- [EXERCISE MATERIALS]:
————————

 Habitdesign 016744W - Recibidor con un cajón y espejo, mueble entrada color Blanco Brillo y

————————

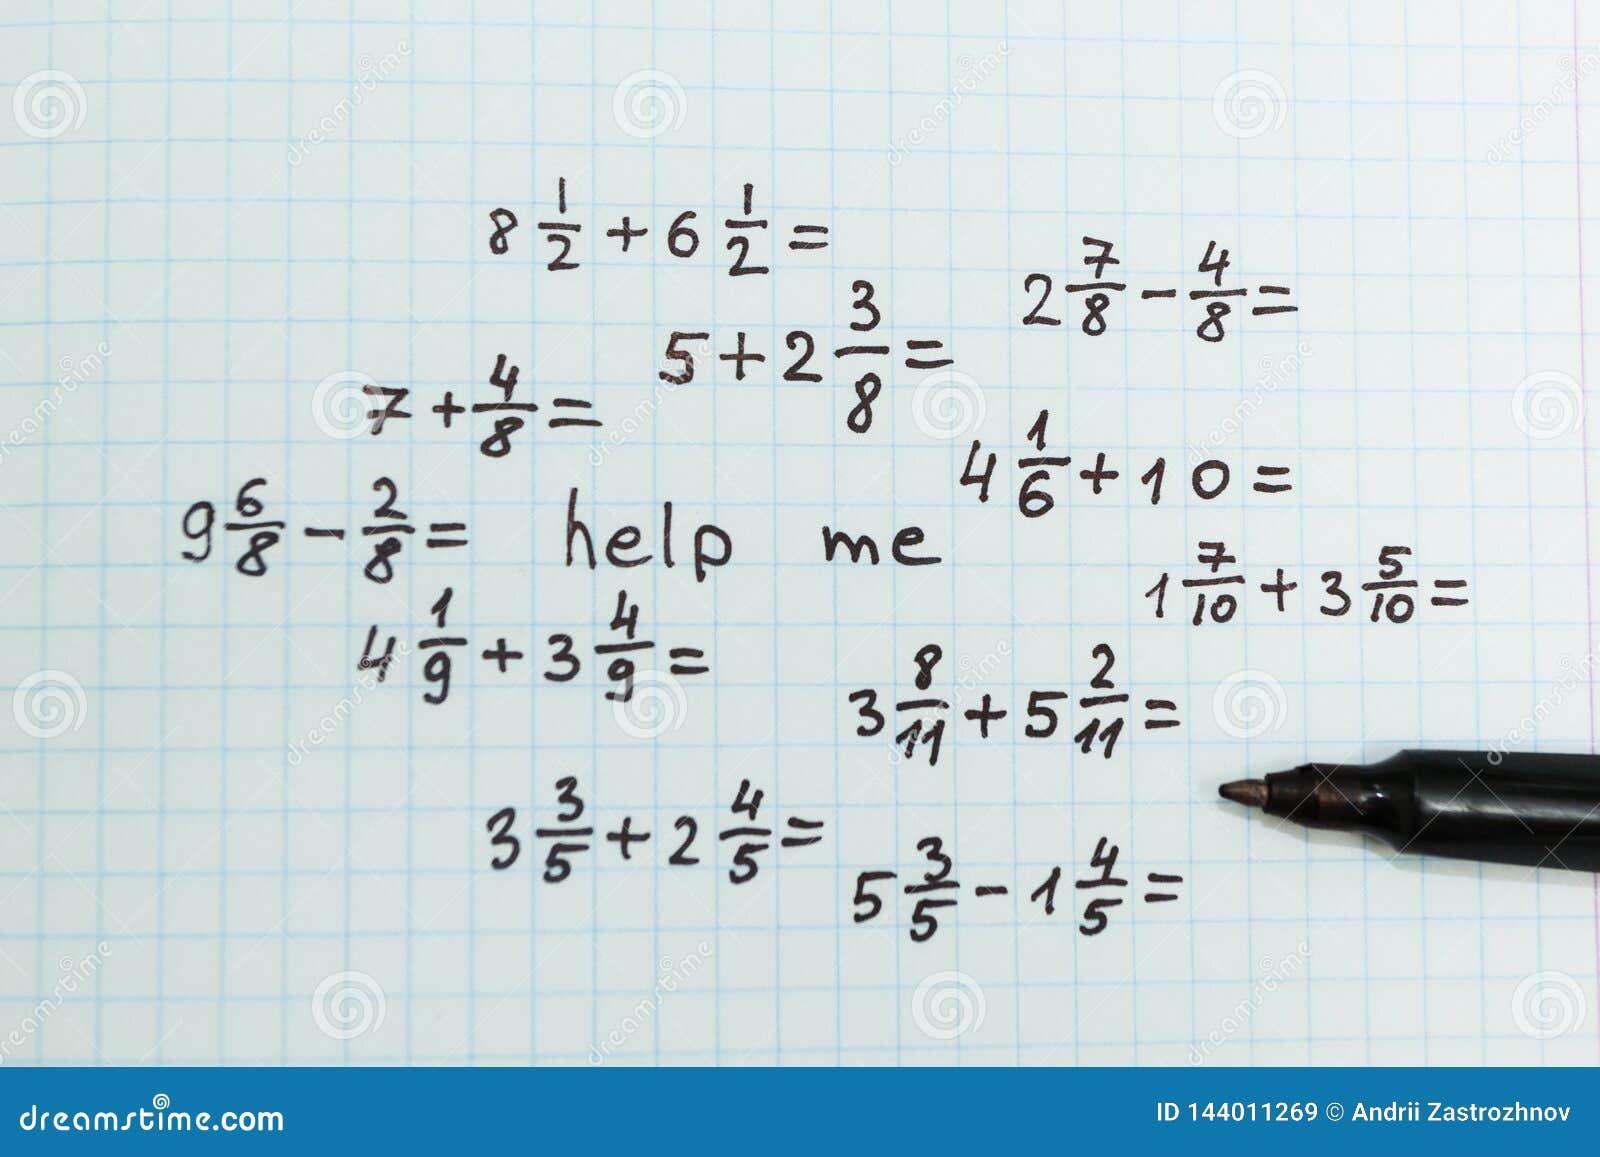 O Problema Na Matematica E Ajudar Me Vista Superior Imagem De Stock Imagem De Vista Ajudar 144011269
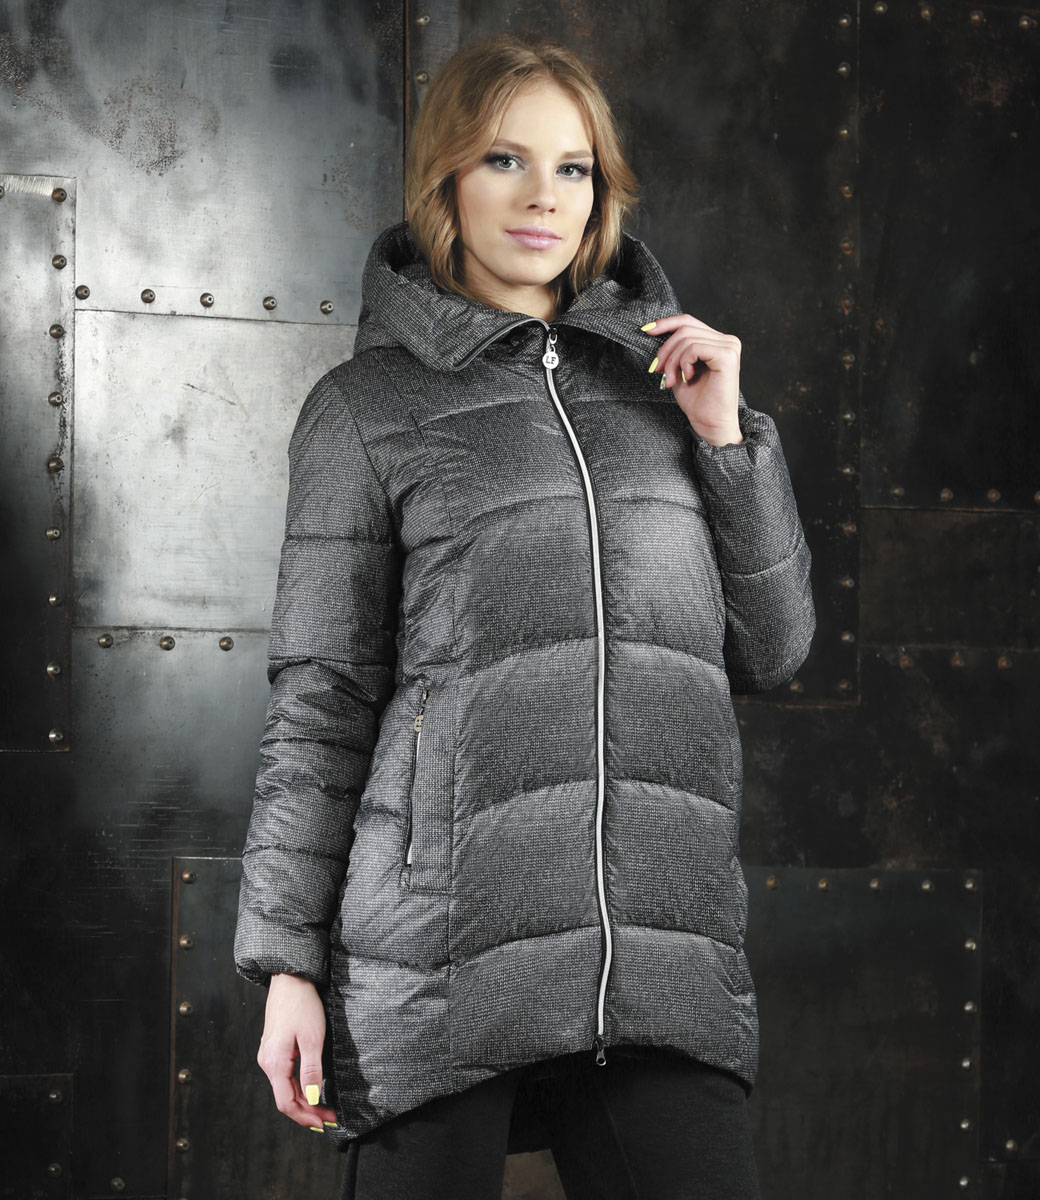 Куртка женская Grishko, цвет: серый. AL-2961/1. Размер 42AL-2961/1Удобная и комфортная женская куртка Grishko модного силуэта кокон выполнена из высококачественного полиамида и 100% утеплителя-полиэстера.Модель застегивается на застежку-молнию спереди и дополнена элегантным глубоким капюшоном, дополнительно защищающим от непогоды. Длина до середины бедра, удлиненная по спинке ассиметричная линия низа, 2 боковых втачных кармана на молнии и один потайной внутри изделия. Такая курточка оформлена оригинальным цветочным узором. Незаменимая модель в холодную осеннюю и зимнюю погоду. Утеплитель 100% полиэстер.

————————

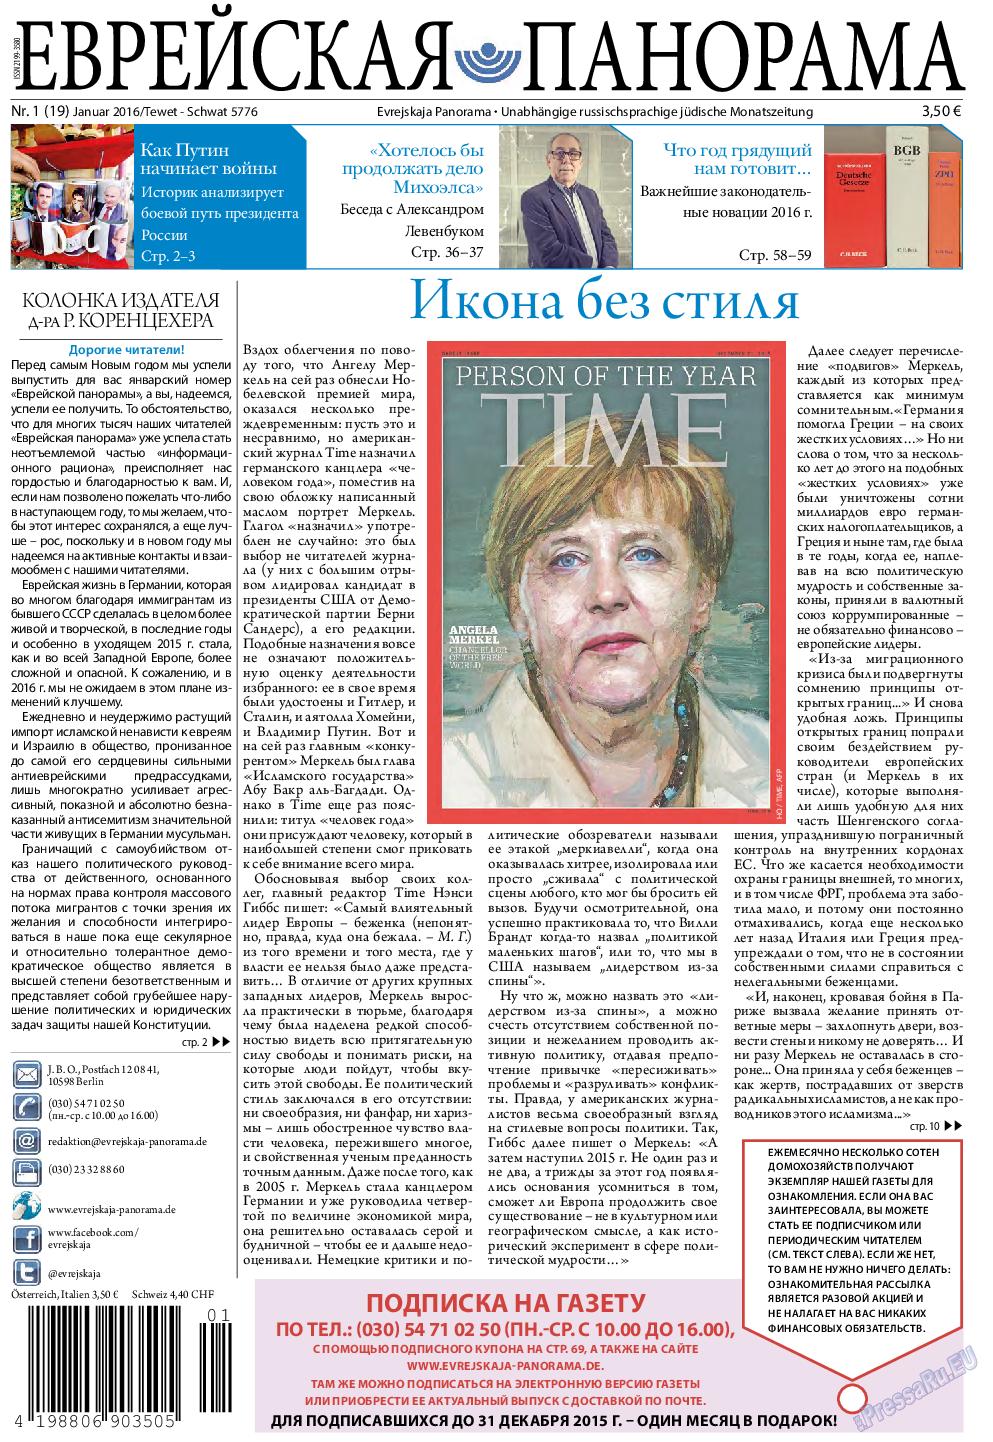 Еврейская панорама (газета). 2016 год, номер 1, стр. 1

————————

- [BRIEF]: To complete this exercise, transcribe exactly the lines above from the one that holds "O Problema Na" through the one that holds "Куртка женская Grishko, цвет: серый.". Pictures stay out.

- [COMPLETED TASK]:
 O Problema Na Matematica E Ajudar Me Vista Superior Imagem De Stock Imagem De Vista Ajudar 144011269
 Куртка женская Grishko, цвет: серый. AL-2961/1. Размер 42AL-2961/1Удобная и комфортная женская куртка Grishko модного силуэта кокон выполнена из высококачественного полиамида и 100% утеплителя-полиэстера.Модель застегивается на застежку-молнию спереди и дополнена элегантным глубоким капюшоном, дополнительно защищающим от непогоды. Длина до середины бедра, удлиненная по спинке ассиметричная линия низа, 2 боковых втачных кармана на молнии и один потайной внутри изделия. Такая курточка оформлена оригинальным цветочным узором. Незаменимая модель в холодную осеннюю и зимнюю погоду. Утеплитель 100% полиэстер.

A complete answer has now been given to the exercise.